Nature isn’t always so powerful, though. Sometimes as docile a device as a cow can tame it.

This reality is driven home almost anywhere you travel out west. Consider my current location in Nevada, which may be the least inhabited part of the lower forty-eight states. In an area one hundred sixty by one hundred twenty miles can be found a total of twelve ranches. Period. No towns, nor even an intersection with a gas station. For that matter, not many crossroads at all, and those tracks that do intersect are dirt. Surely, this must be, by some definition, wilderness?

And yet not in any classic sense, nor even consistently within this same area. In the middle of those ranchlands  is the five hundred seventy-five thousand-acre Sheldon Antelope Refuge. But all this terrain is actively managed, starkly beautiful though it may seem.

This land is dry, lying as it does in the rain shadow of the Sierras. But when Charles Freemont traveled this on horseback on his journey of (white) discovery, the flowers and grass reached up to his knees. Today, it’s an arid expanse of sagebrush and cheat grass, with widely spaced juniper trees appearing only at the higher elevations. It’s still rich in some types of wildlife (on which more later) in current if not historical terms, and perhaps no more sparsely populated now than in the days before Columbus. But as with virtually every other acre of land in the West that doesn’t have crops or houses on it, these are grazed by cattle.

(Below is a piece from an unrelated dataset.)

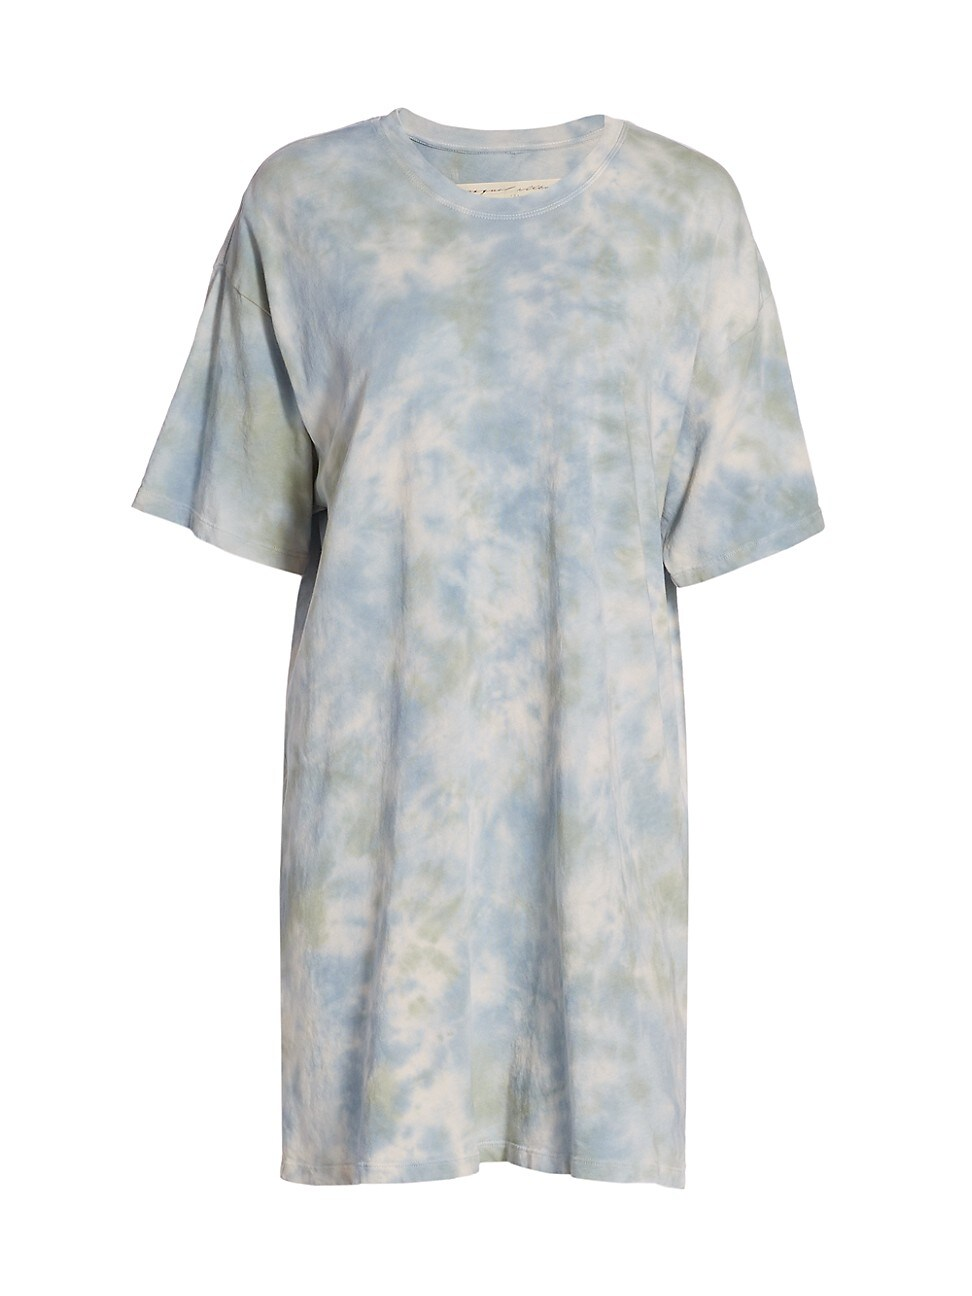 Raquel Allegra WOMEN'S TIE-DYE T-SHIRT DRESS

Seriously? Yes, and even where you might least expect it. I once wound my way up a mountain range in Colorado from the plains below, crossing to the other side above ten thousand five hundred feet. At the very apex of the pass, after climbing through thick trees for over 2,000 feet, I crossed a cattle grate.

A forest can tolerate the occasional browsing cow, but not so easily more arid landscapes. Much of the unfarmed, non-urban or suburban land in the western half of the country bears only such ground cover as cattle will not eat, with just enough grass in between to sustain the sparse herds. The result is that the American West today supports only those species that can survive on what cattle leave behind, or on a carnivorous diet. Ifthey are too successful, like wild horses, they are culled to leave more forage for livestock.

Human impact over the last hundred and fifty years has even affected its climate of these parts. The scrubby vegetation that survives transpires far less moisture into the atmosphere, and the bare earth spaces in between convert more solar energy into heat. So also, with the land itself, much of it no longer protected by grasses. Rains washed away soils that were meager to start with, and winds blew off much of the rest. Subsurface waters are in retreat, as more rain runs off than sinks in. And vast aquifers of “fossil” water, relics of the last ice age, are being pumped down to sustain distant cities.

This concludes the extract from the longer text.